In 1980, after running several plant nurseries in Los Angeles for many years, Tony Peju decided he wanted to find a piece farm property tucked away somewhere nearby where he and his young family could live part-time. He visited farms on every hill and in every valley between San Diego and San Francisco, but nothing fit the vision he had in mind.
Tony took trips from Temecula to Mendocino to learn about grapes, and once he reached the Napa Valley, he knew he had found his life’s passion. After visiting for the first time in 1982, his vision had changed. He was no longer looking for a 500-acre farm, but a ‘modest’ 30-acre vineyard in Rutherford, California, the Eden of Cabernet grape growing. Tony acquired the Rutherford property in 1983. It was November 3, 1983 when the Peju family arrived in the Napa Valley and the luxurious California sun was shining radiant in the sky.
Not long after, the family met Stan Meyer, the owner of Rustridge Ranch and Winery, who kept horses and magnanimously offered to give two to the girls. They rode horses, played on the wind machine and forklift, rode with glee on the Honda wagon cart. Tony and Manuel Corona, our foreman to this day, worked to cultivate the vineyard while H.B. and the children became acclimated to the Napa Valley, discovering the magic that vineyard land beheld. At that time, they were selling their grapes to other wineries, the excess of which went to home winemakers in Canada. During harvest, they would load up thirty-pound boxes and put them on a truck to be shipped.
Almost ten years after arriving in Rutherford, Tony decided to start building a winery. He transformed the garage, installing foil-finished insulation and palm trees to divide the 33×33 sq. ft. building into two-thirds barrel storage and one-third into a tasting room.

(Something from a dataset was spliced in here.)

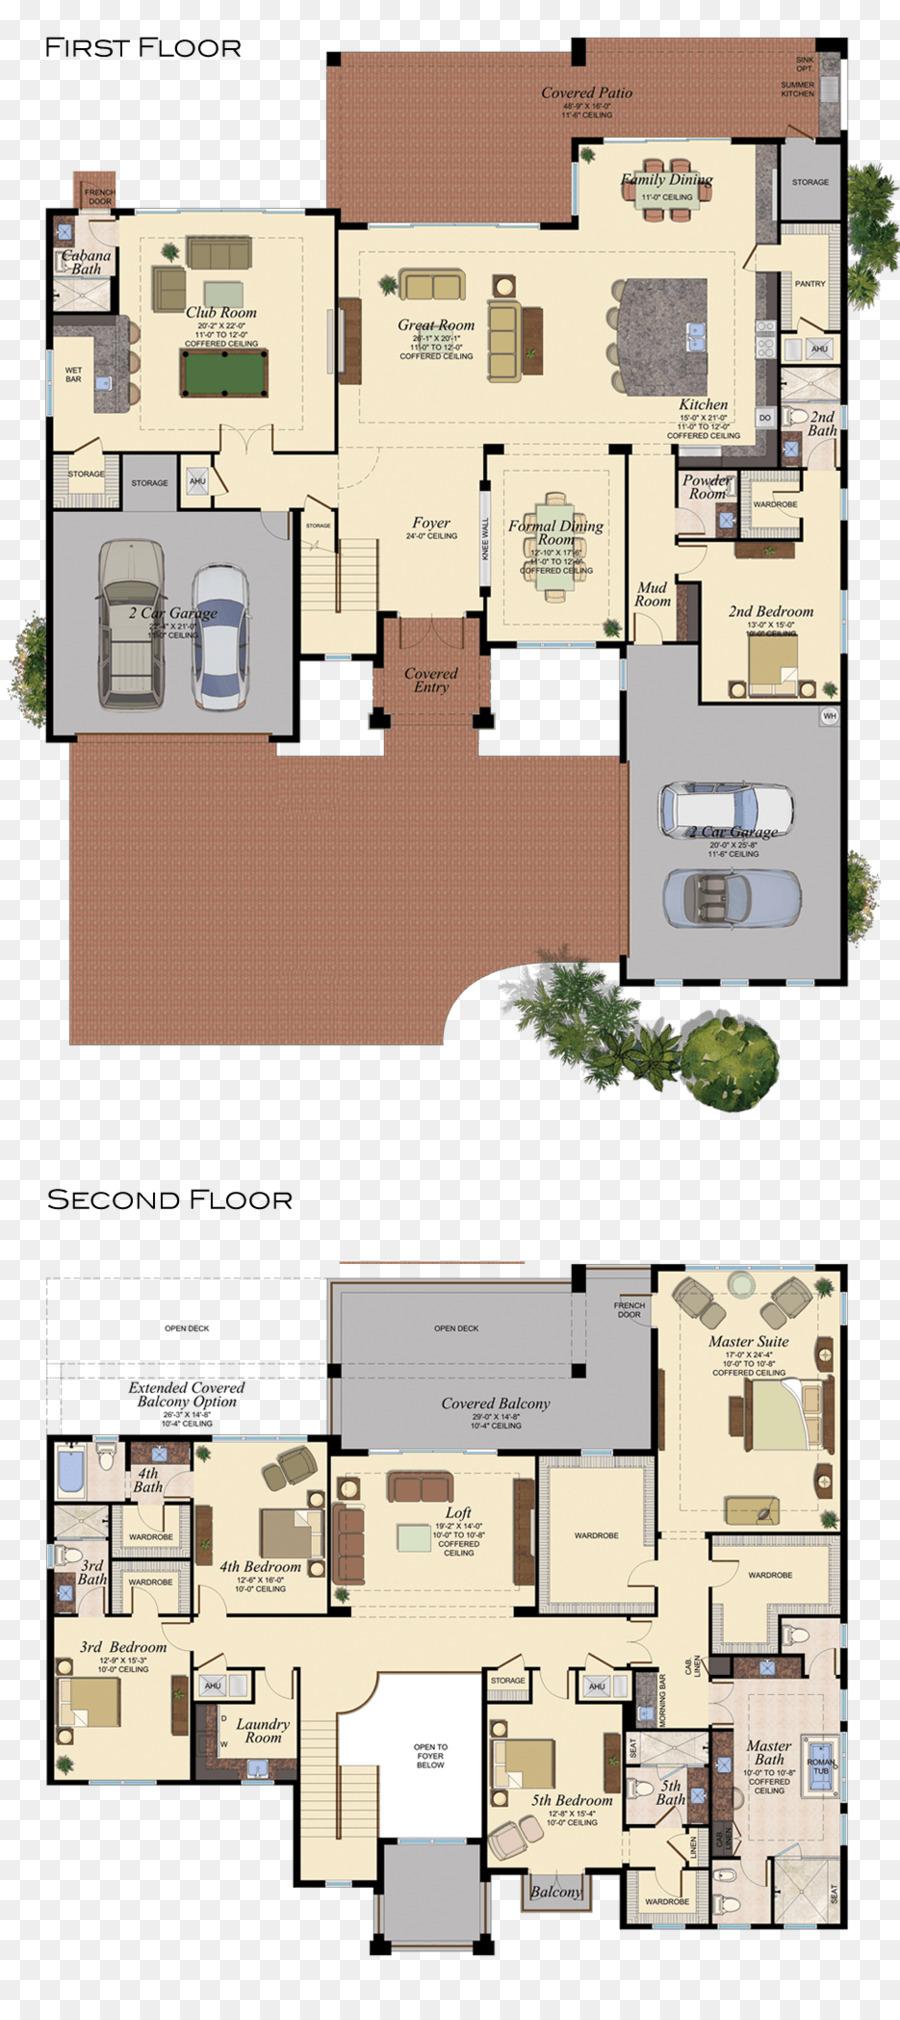 Floor Plan House Plan Interior Design Services Architecture   House
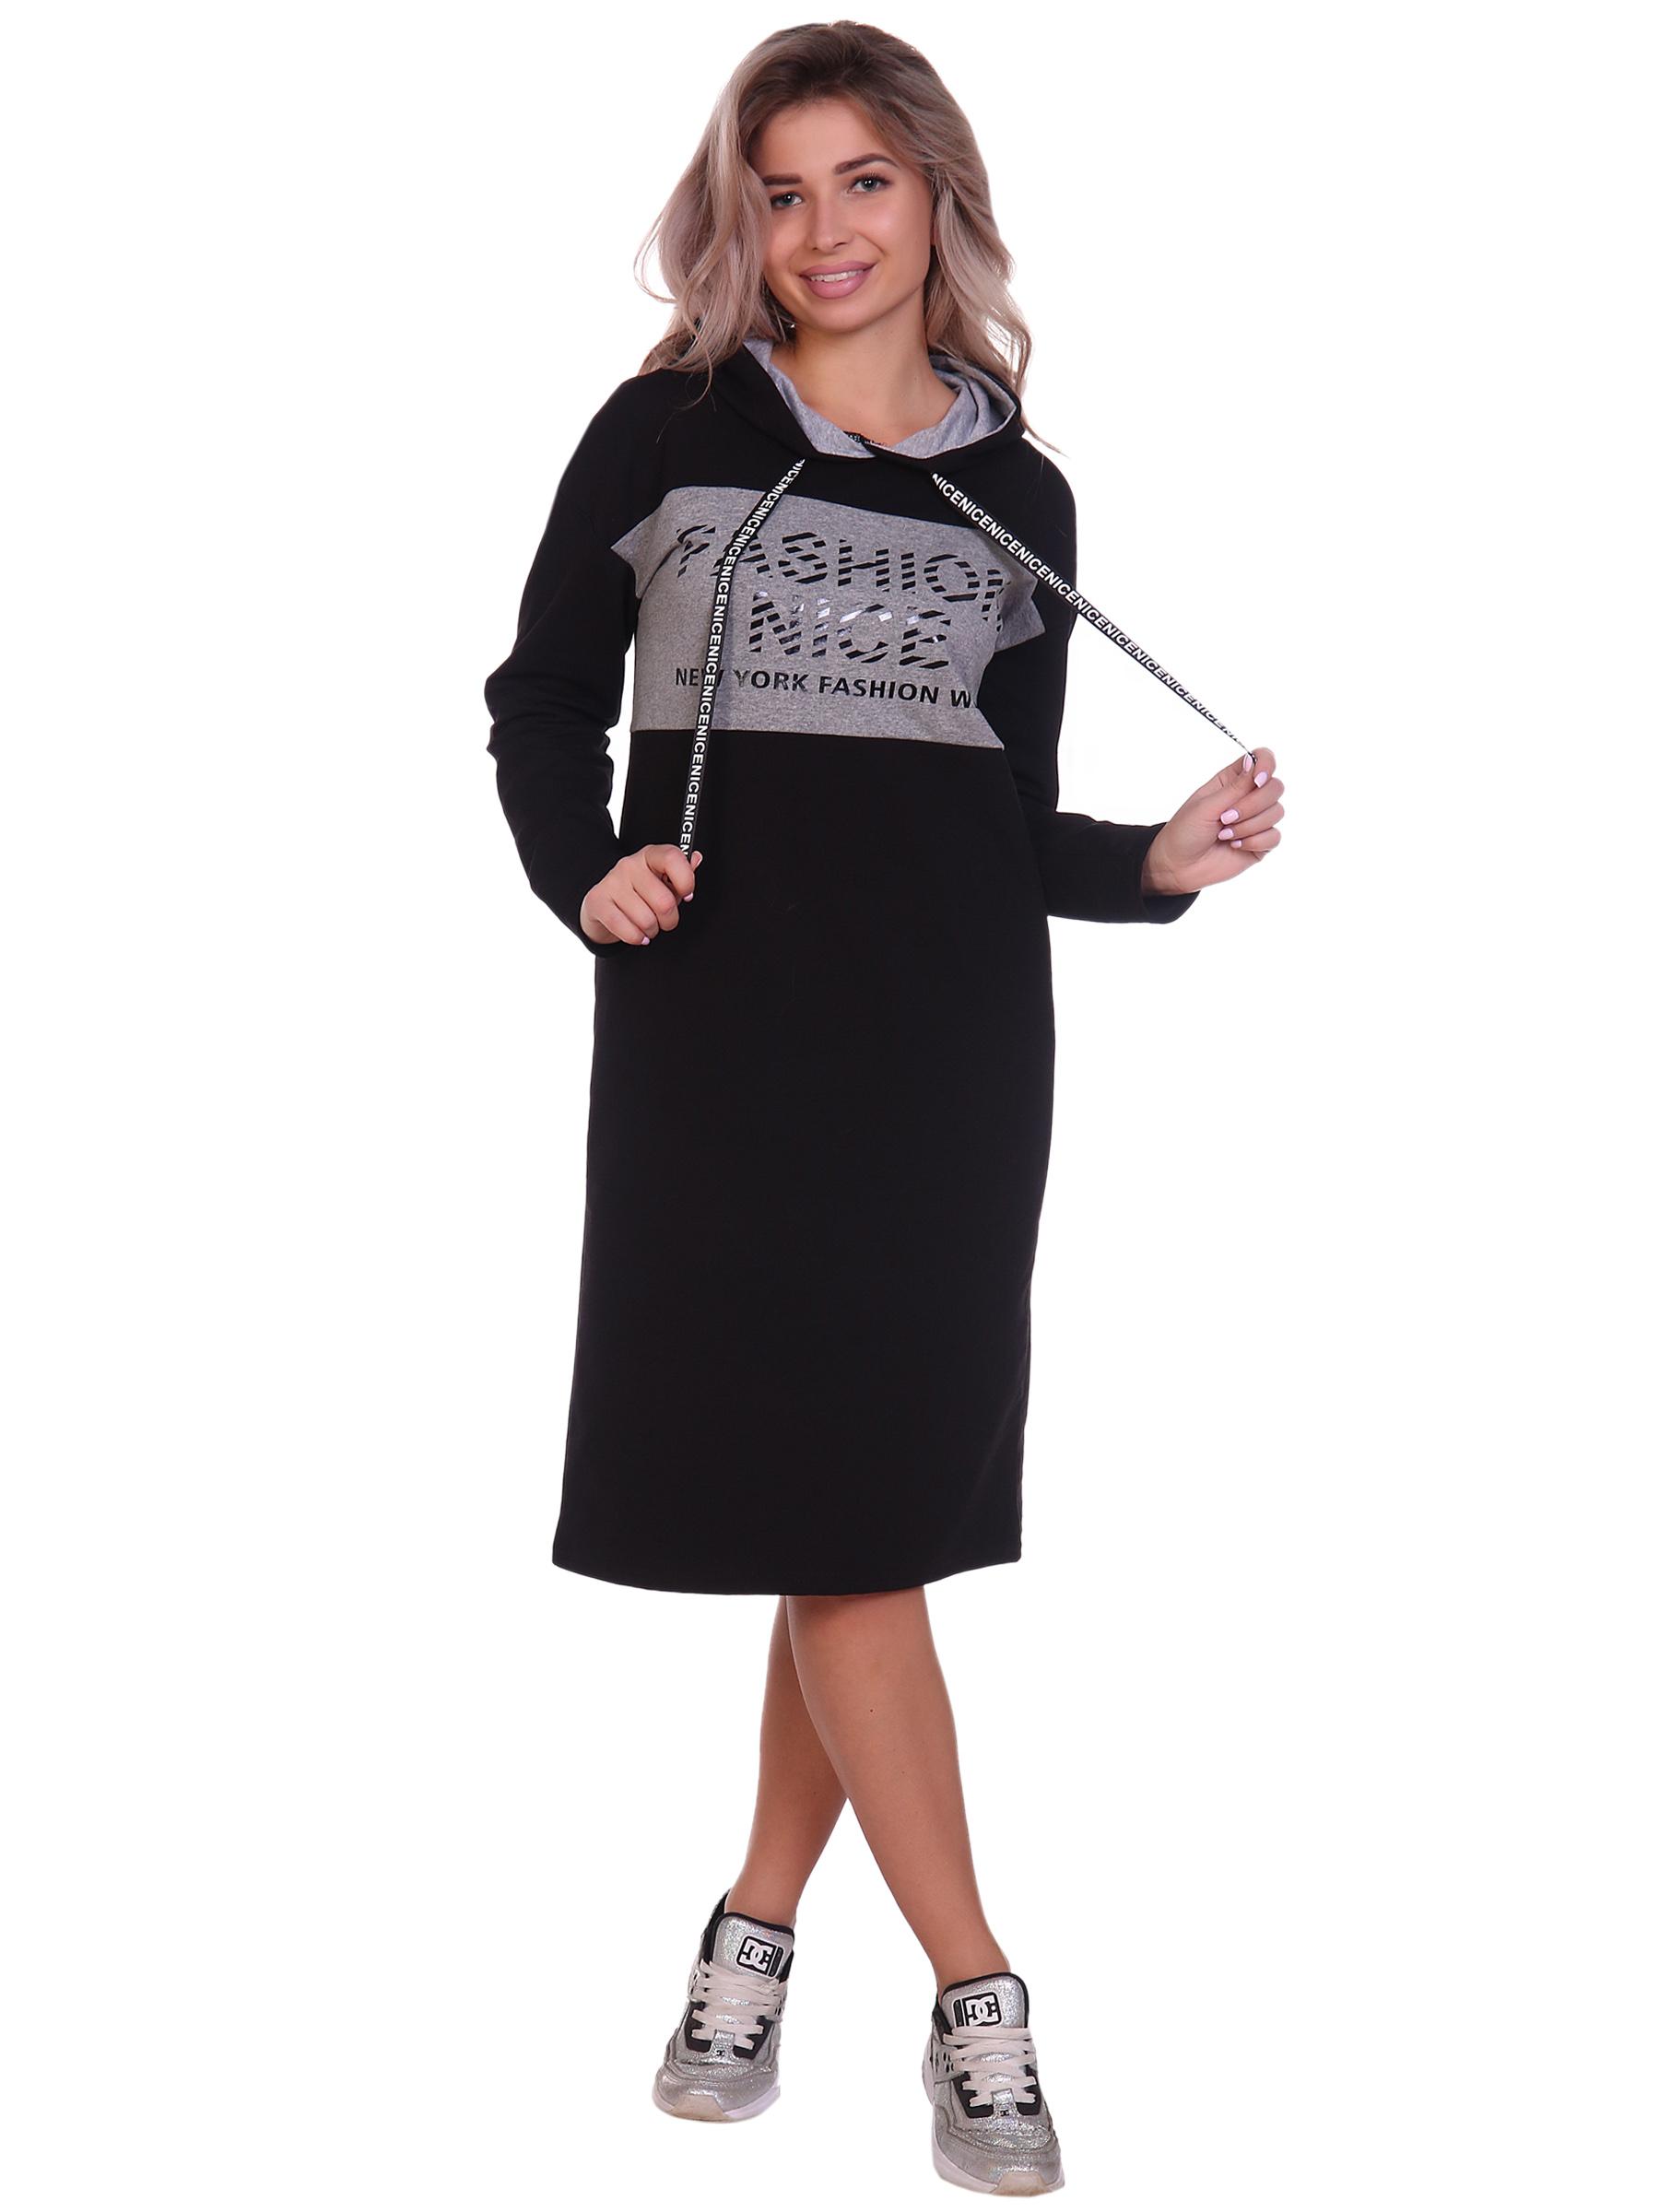 П-018 НСД Платье женское (футер) П-018 НСД

The complete architectural and artistic plan for the Rutherford property as you see it today was conceived in 1981 by Los Angeles architect Calvin Straub. In 1990, the family was able to receive financing for the first phase of construction. The popularity of wine and the increase in new vineyard plantings grew dramatically in the mid-90’s as a result of a number of studies in the U.S. and Europe on the health benefits of wine.
In 1991, the first phase of construction was finished. We were producing our own wines, welcoming guests to the Tasting Room, and entertaining our Tasting Room visitors by Honda wagon cart rides to the river behind the winery. Our business was taking off and our popularity and visibility were becoming more apparent. The H.B. Vineyard Cabernet scored among the top 100 Cabernets in the Wine Spectator, and Peju Province Winery won ‘Top Artisan Winery’ in Wine & Spirits Magazine.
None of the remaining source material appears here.